The car gathered momentum again like their silence — and soon they were racing across the desert towards the steely glitter of stars, and a horizon stained black with the thunder of surf. Nessim, with this strange sleepy creature at his side, found himself thinking over and over again: ‘Thank God I am not a genius — for a genius has nobody in whom he can confide.’
The glances he snatched at her enabled him to study her, and to study me in her. Her loveliness must have disarmed and disturbed him as it had me. It was a beauty which filled one with the terrible premonition that it had been born to be a target for the forces of destruction. Perhaps he remembered an anecdote of Pursewarden’s in which she figured, for the latter had found her as Nessim himself had done, in the same stale cabaret; only on this particular evening she had been sitting in a row of dance-hostesses selling dance-tickets. Pursewarden, who was gravely drunk, took her to the floor and, after a moment’s silence, addressed her in his sad yet masterful way: ‘Comment vous défendez-vous contre la solitude?’ he asked her. Melissa turned upon him an eye replete with all the candour of experience and replied softly: ‘Monsieur, je suis devenue lasolitude même.’Pursewarden was sufficiently struck to remember and repeat this passage later to his friends, adding: ‘I suddenly thought to myself that here was a woman one might very well love.’ Yet he did not, as far as I know, take the risk of revisiting her, for the book was going well, and he recognized in the kindling of this sympathy a trick being played on him by the least intent part of his nature. He was writing about love at the time and did not wish to disturb the ideas he had formed on the subject. (‘I cannot fall in love’ he made a character exclaim ‘for I belong to that ancient secret society — the Jokers!’; and elsewhere speaking about his marriage he wrote: ‘I found that as well as displeasing another I also displeased myself; now, alone, I have only myself to displease. Joy!’)

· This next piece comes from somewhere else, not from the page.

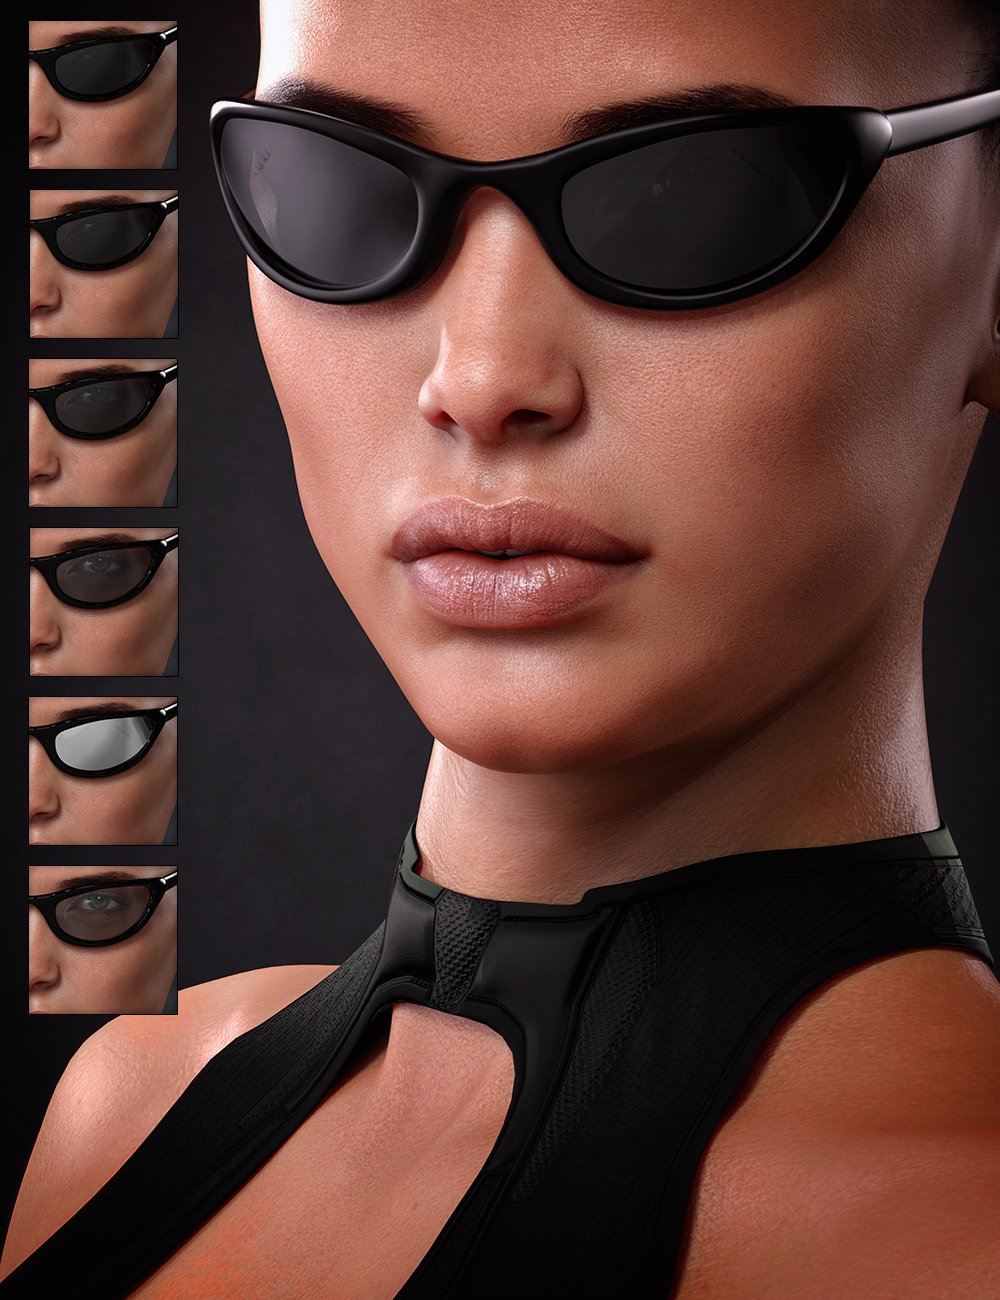 Sunglasses Set 1 for Genesis 8 and 8.1 Males and Females

Justine was still standing over me, watching my face as I composed these scorching scenes in my mind. ‘You will make some excuse’ she repeated hoarsely. ‘You will not go.’ It seemed to me impossible to find a way out of this predicament. ‘How can I refuse?’ I said. ‘How can you?’
They had driven across that warm, tideless desert night, Nessim and Melissa, consumed by a sudden sympathy for each other, yet speechless. On the last scarp before Bourg El Arab he switched off the engine and let the car roll off the road. ‘Come’ he said. ‘I want to show you Justine’s Summer Palace.’
Hand in hand they took the road to the little house. The caretaker was asleep but he had the key. The rooms smelt damp and uninhabited, but were full of light reflected from the white dunes. It was not long before he had kindled a fire of thorns in the great fireplace, and taking his old abba from the cupboard he clothed himself in it and sat down before it saying: ‘Tell me now, Melissa, who sent you to persecute me?’ He meant it as a joke but forgot to smile, and Melissa turned crimson with shame and bit her lip. They sat there for a long time enjoying the firelight and the sensation of sharing something — their common hopelessness.
(Justine stubbed out her cigarette and got slowly out of bed. She began to walk slowly up and down the carpet. Fear had overcome her and I could see that it was only with an effort that she overcame the need for a characteristic outburst. ‘I have done so many things in my life’ she said to the mirror. ‘Evil things, perhaps. But never inattentively, never wastefully. I’ve always thought of acts as messages, wishes from the past to the future, which invited self-discovery. Was I wrong? Was I wrong?’ It was not to me she addressed the question now but to Nessim. It is so much easier to address questions intended for one’s husband to one’s lover. ‘As for the dead’ she went on after a moment, ‘I have always thought that the dead think of us as dead. They have rejoined the living after this trifling excursion into quasi-life.’ Hamid was stirring now and she turned to her clothes in a panic. ‘So you must go’ she said sadly, ‘and so must I. You are right. We must go.’ And then turning to the mirror to complete her toilet she added: ‘Another grey hair’ studying that wicked fashionable face.